第五步：执行爬虫文件 scrapy crawl xxx xxx:即第四步爬虫文件的名字

实例1：爬取https://www.qiushibaike.com/pic/糗事百科-糗图，下面发表的作者及文字内容

settings.py设置：

#google浏览器

USER_AGENT ='Mozilla/5.0 (Windows NT 10.0; WOW64) AppleWebKit/537.36 (KHTML, like Gecko) Chrome/69.0.3497.81 Safari/537.36'

#网站协议设置为false

ROBOTSTXT_OBEY = False

#开启管道（后面数字指管道的优先级，值越小，优先级越高）

ITEM_PIPELINES = {

   'qiubai_all.pipelines.QiubaiAllPipeline': 300,

}

items.py的设置：

import scrapy

class QiubaiAllItem(scrapy.Item):

    # define the fields for your item here like:

    # name = scrapy.Field()

    #设置2个属性，对应爬取文件qiutu调用，存放爬取的相应数据（存什么样的数据都可以）

    author = scrapy.Field()

    content = scrapy.Field()

qiutu.py爬取文件设置

# -*- coding: utf-8 -*-

import scrapy

from qiubai_all.items import QiubaiAllItem

class QiutuSpider(scrapy.Spider):

    name = 'qiutu'

    # allowed_domains = ['https://www.qiushibaike.com/pic/']

    start_urls = ['http://www.qiushibaike.com/pic/']

    # 指定一个页码通用的url，为了爬取全部分页内容

    url="https://www.qiushibaike.com/pic/page/%d/?s=5127071"

    pageNum=1

    def parse(self, response):

        # div_list=response.xpath('//div[@class='author clearfix']/a[2]/h2/text()')
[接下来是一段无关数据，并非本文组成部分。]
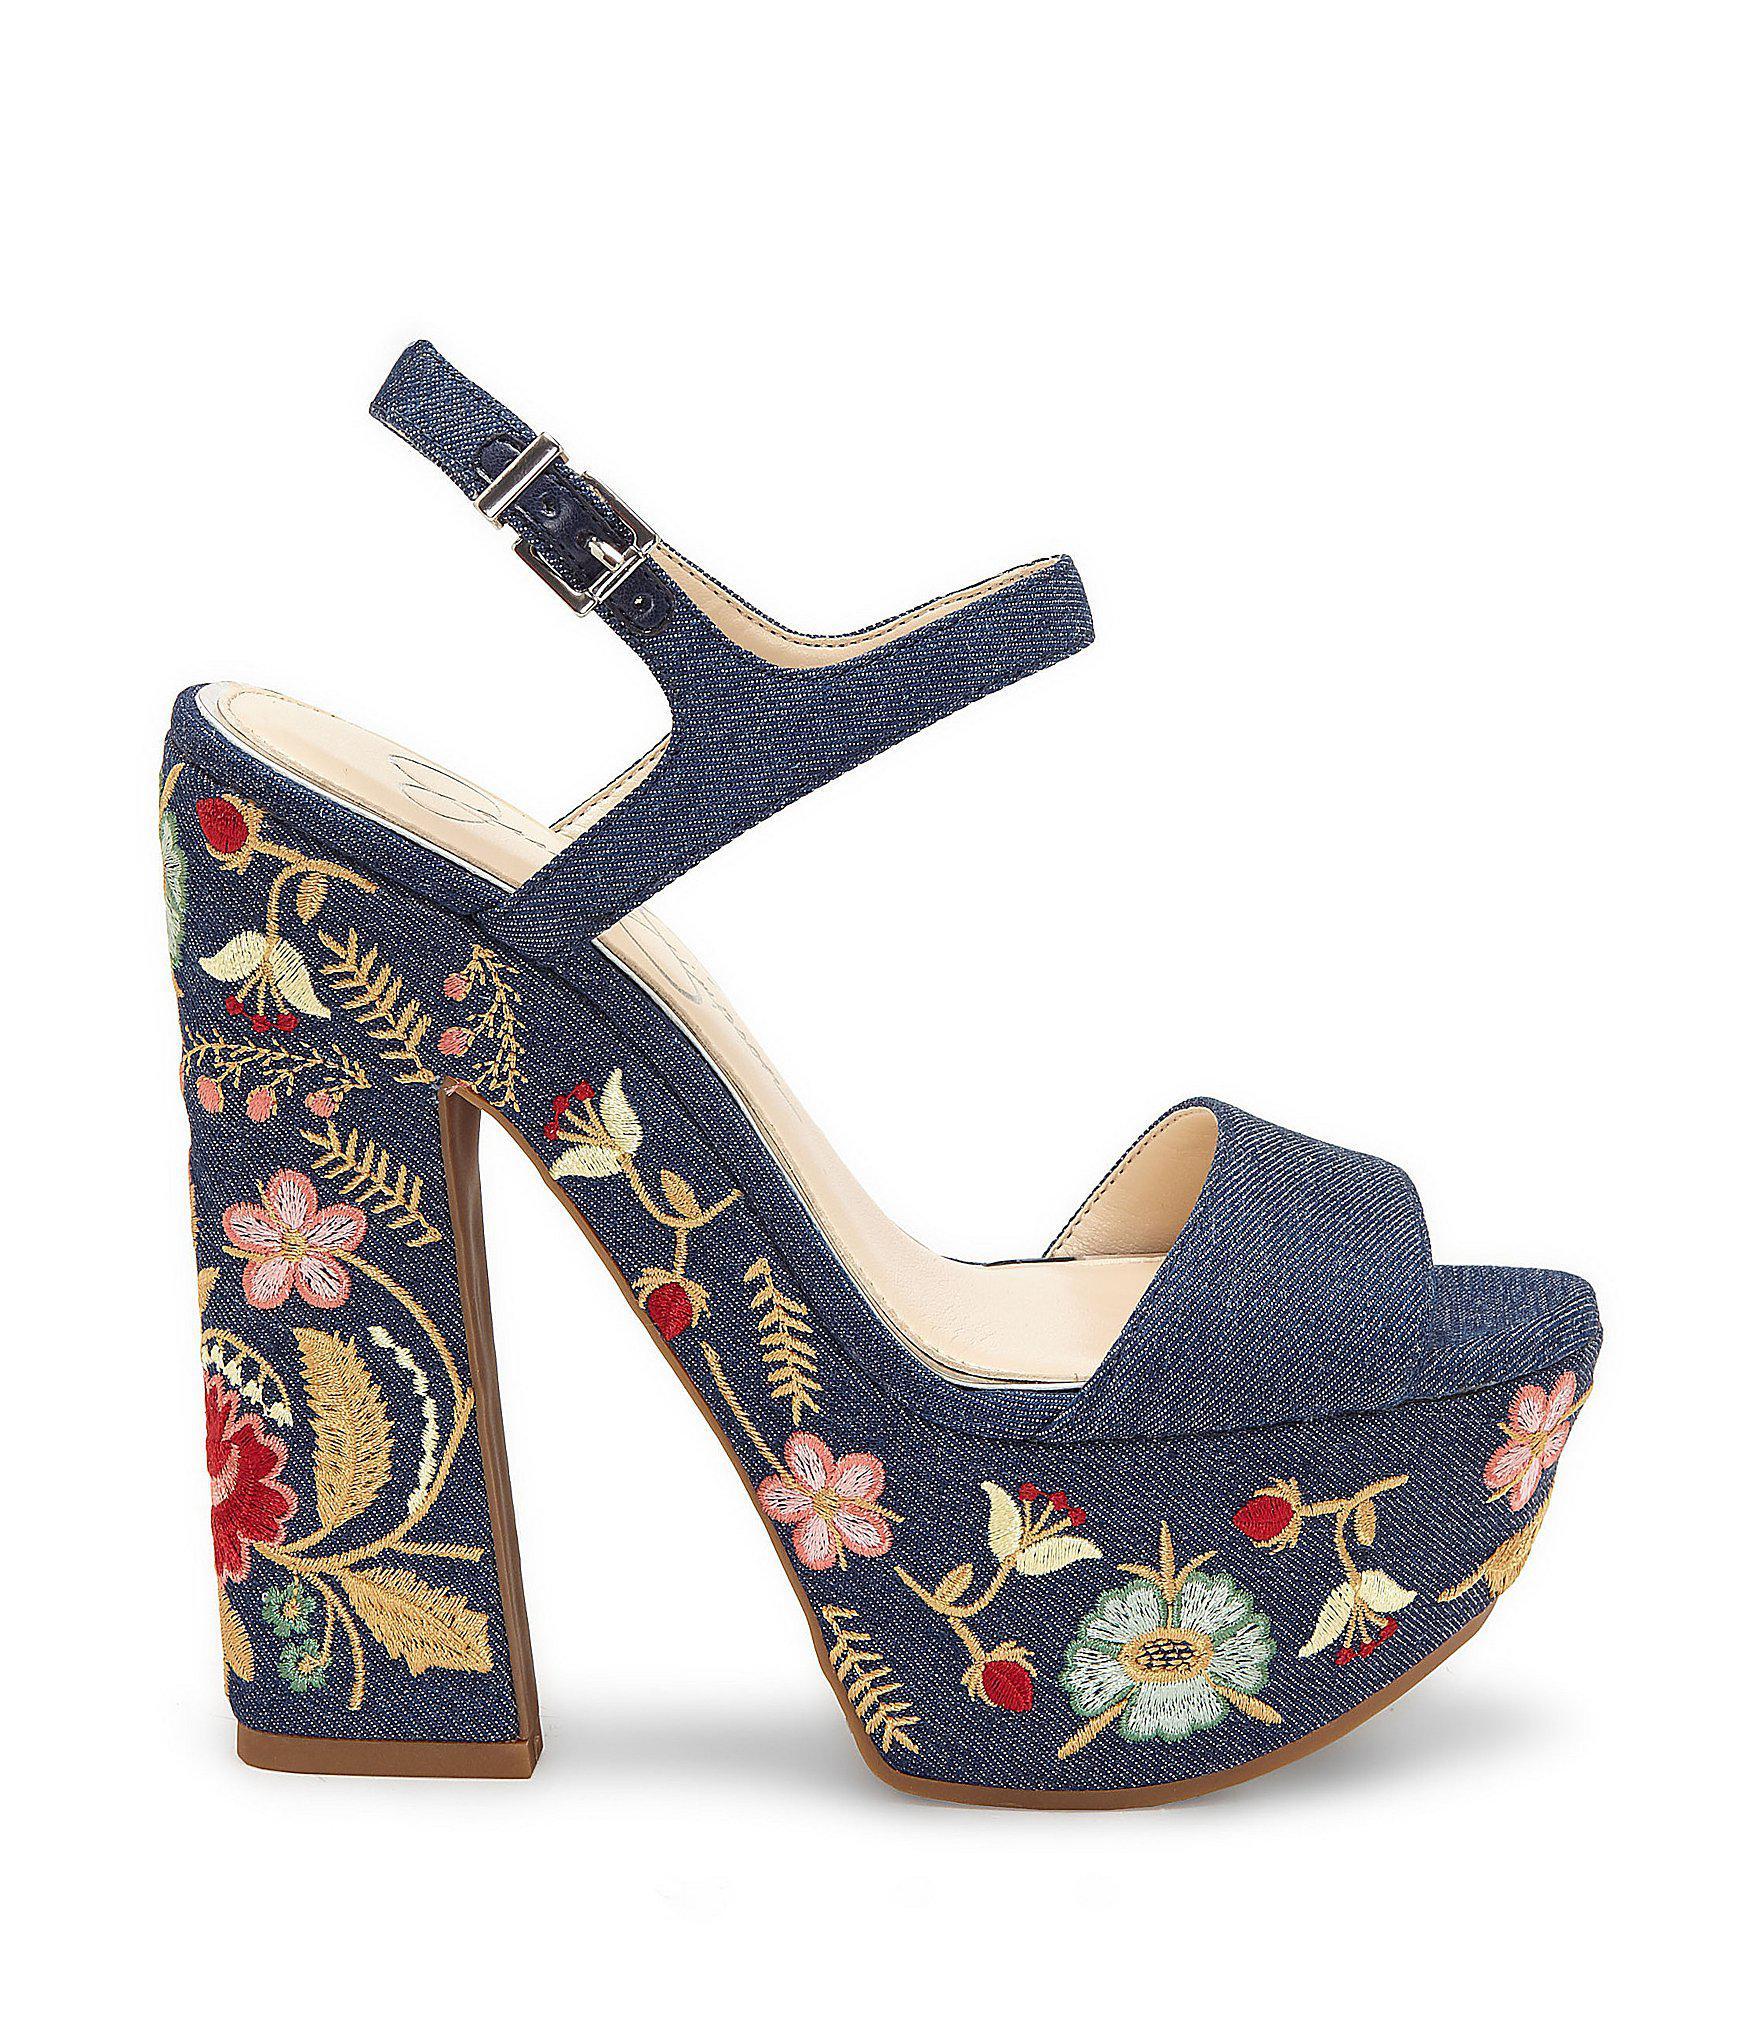 ba0360309b1 Lyst - Jessica Simpson Divella2 Denim Floral Platform Sandal in Blue

        div_list=response.xpath('//*[@id="content-left"]/div')

        for div in div_list:

            #xpath函数的返回值是selector对象（使用xpath表达式解析出来的内容是存放在Selector对象中的）

            item = QiubaiAllItem()

            item['author']=div.xpath('.//h2/text()').extract_first()

            item['content']=div.xpath('.//div[@class="content"]/span/text()').extract_first()

            #循环多少次就会向管道提交多少次数据

            yield item

            if self.pageNum <= 35:

                self.pageNum += 1

                print('开始爬取第%d页数据'%self.pageNum)

                #新页码的url

                new_url = format(self.url%self.pageNum)

                #向新的页面发送请求,回调函数从新调用上面的parse方法

                # callback：回调函数（指定解析数据的规则）

                yield scrapy.Request(url=new_url,callback=self.parse)

pipelines.py管道设置：

# -*- coding: utf-8 -*-

# Define your item pipelines here

#

# Don't forget to add your pipeline to the ITEM_PIPELINES setting

# See: https://doc.scrapy.org/en/latest/topics/item-pipeline.html

class QiubaiAllPipeline(object):

    def __init__(self):

        self.fp=None

    #爬虫开始时执行，只执行一次

    def open_spider(self,spider):

        print('开始爬虫')

        self.fp=open('./data1.txt','w',encoding='utf-8')

    #该函数作用：items中每来一个yiled数据，就会执行一次这个文件，逐步写入

    def process_item(self, item, spider):

        #获取item中的数据

        self.fp.write(item['author'] + ':' + item['content'] + '\n\n')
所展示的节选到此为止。